Many entire books have been written analyzing the various formal elements of film but, for the purposes of this basic introduction, they can be broken into five main aspects: literary design, visual design, cinematography, editing, and sound design. The first aspect of film form, literary design, refers to the elements of a film that come from the script and story ideas. The literary design includes the story, the setting, the action, the characters, the characters’ names, the dialog, the film’s title, and any deeper subtexts or thematic meanings. Film is capable of many literary devices: metaphor, irony, satire, allegory, and so forth. Some films are black comedies and must be understood according to that form. Other films are dramas to be taken seriously while still others try to make us laugh by being deliberately juvenile. Yet other films try to shock or provoke us with new and unexpected ideas. Analyzing a movie’s literary design is a good place to start when analyzing a film, but one should not ignore the four other axes of film form and how they contribute to a film’s meaning.
Another broad aspect of film form has been labeled mise‐en‐scène, a French term for what goes into each individual shot (or uninterrupted run of film). Aspects of mise‐en‐scène include our second and third formal axes: the visual design of what’s being filmed (the choice of sets, costumes, makeup, lighting, color, and actors’ performance and arrangement before the camera) and the cinematographic design – that is, how the camera records the visual elements that have been dictated by the literary design. The cinematographic design includes things like the choice of framing, lenses, camera angle, camera movement, what is in focus and what is not. Each of these choices of mise‐en‐scène can affect the viewer’s feelings toward the story and its characters. A room that is brightly lit may seem comfortable or even festive; that same room with heavy shadows may seem threatening or scary. If everyone in a crowd scene is wearing various shades of gray and black, the viewer will tend to see them as just a crowd; if one person is wearing red, the viewer will tend to focus on that one person. Similarly, a camera shooting up from the floor at a character will create a different feeling than a camera aimed at eye‐level. In yet another example, if only one couple on a dance floor are kept in focus, the viewer will pay attention to them; if the whole ballroom is kept in focus, the viewer may choose to look in a number of directions.
The fourth axis of film form is called montage or editing, and refers to how all the individual shots the camera records are put together in order to create meaning or tell a story. Most movies are made up of hundreds and hundreds of shots which are edited together to make a full‐length feature film. Many choices get made at the editing stage. Not only do filmmakers usually have multiple takes of the same scene to choose from, they also choose which shots to place together with other shots. It may seem obvious to an audience, since the editing would seem to need to follow the story (A follows B follows C), but an editor may choose to break up a shot of a group of people talking with individual close‐ups of people in the group. Such a choice affects audience understanding by forcing the viewer to pay attention to just one person instead of the entire group. Audience identification with specific characters can be encouraged or discouraged in this manner.
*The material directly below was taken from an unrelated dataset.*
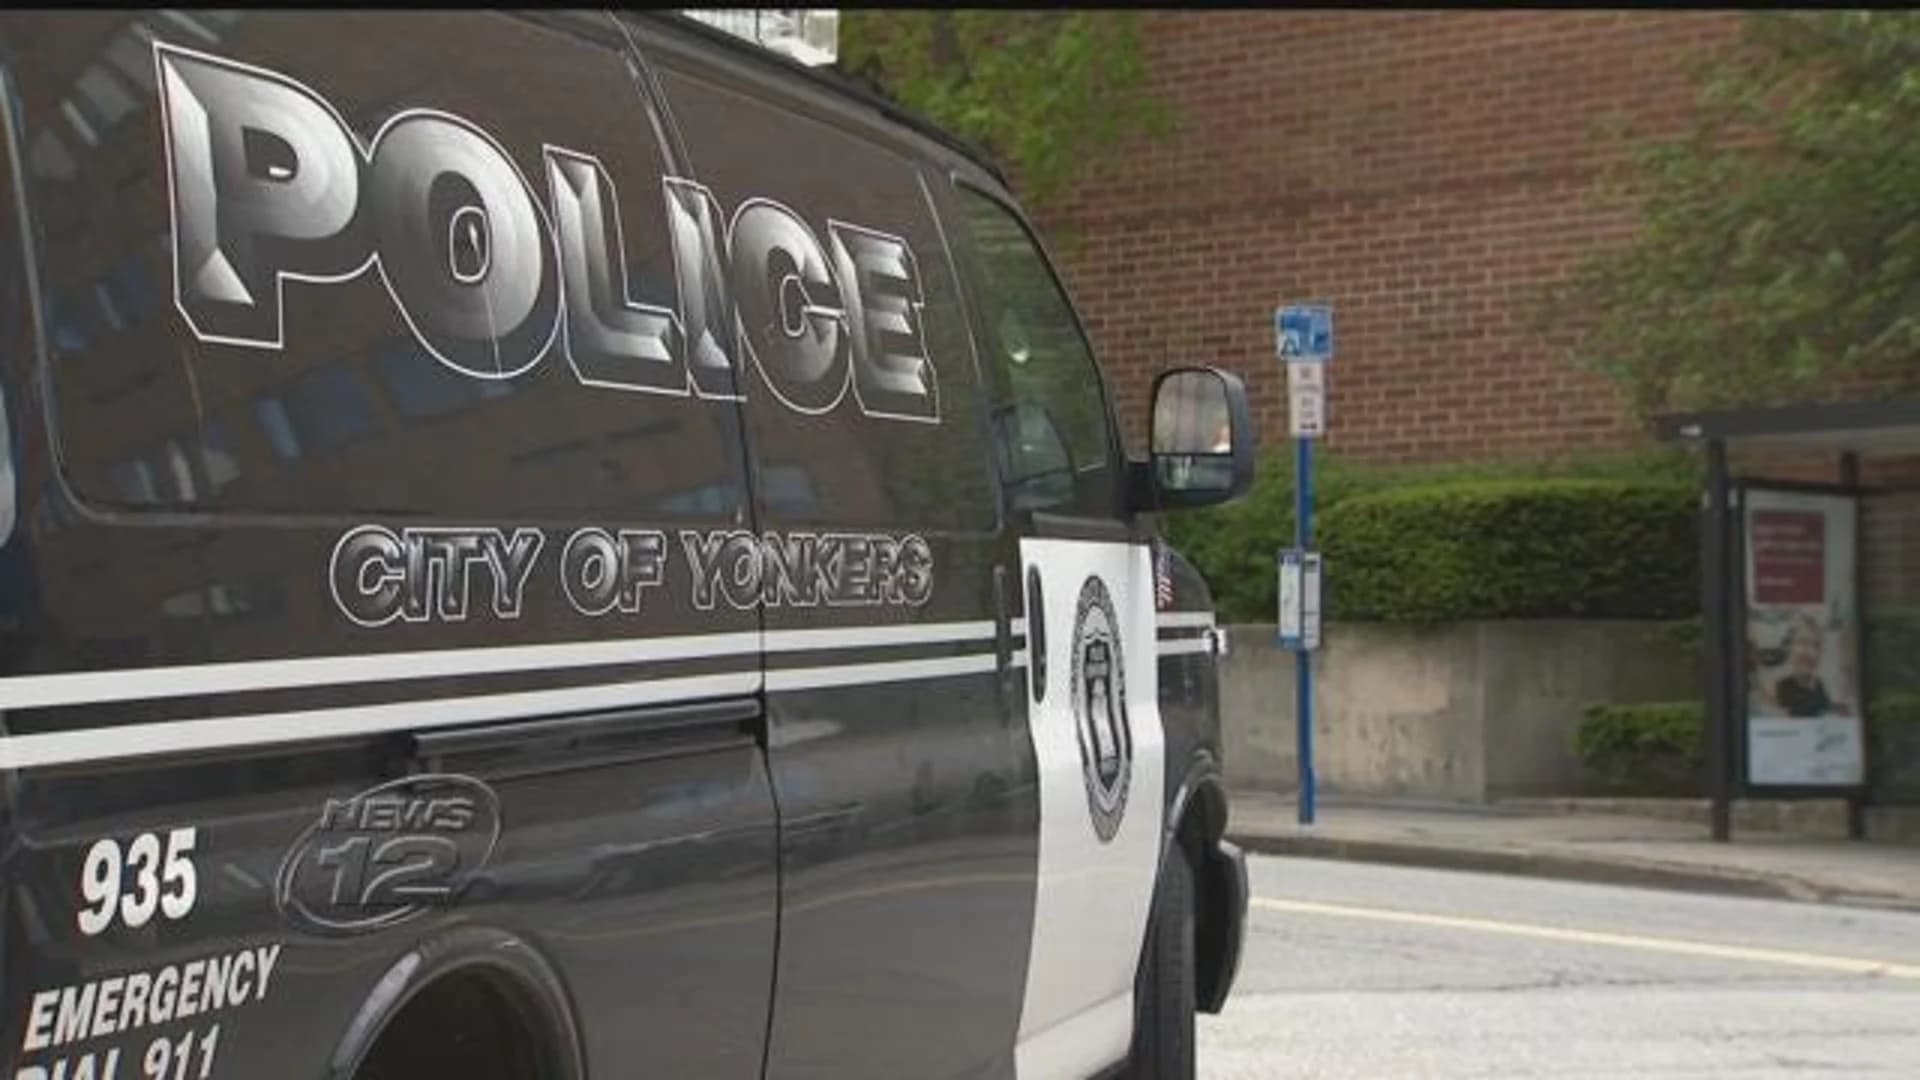 Yonkers police tout decrease in crime rate

Montage also involves choosing the length of each shot. Usually, longer shot lengths are used to create quiet or contemplative moments, while action sequences or chases often are put together with short, quick shots.
The fifth and final formal axis of cinema is sound design. Although cinema audiences are usually referred to as viewers or spectators, audiences both watch and listen to films, and the same types of artistic choices that are made with the visual images are also made with the soundtrack. The dialog of some of the characters on the screen is easy to hear, while the dialog of others is inaudible (thus directing the audience member to pay attention to the conversation that the filmmakers want them to pay attention to). Most films have a musical score that the audience can hear but which the characters cannot. Choosing what type of music to play under a scene will greatly affect viewer comprehension – that is why the music is there in the first place – by directing the viewer toward the preferred understanding of the images. Playing a luscious ballad during a scene between a woman and her fiancé helps create a romantic sense, but playing ominous music during the same scene may make the viewer think the man is out to hurt the woman (or vice versa).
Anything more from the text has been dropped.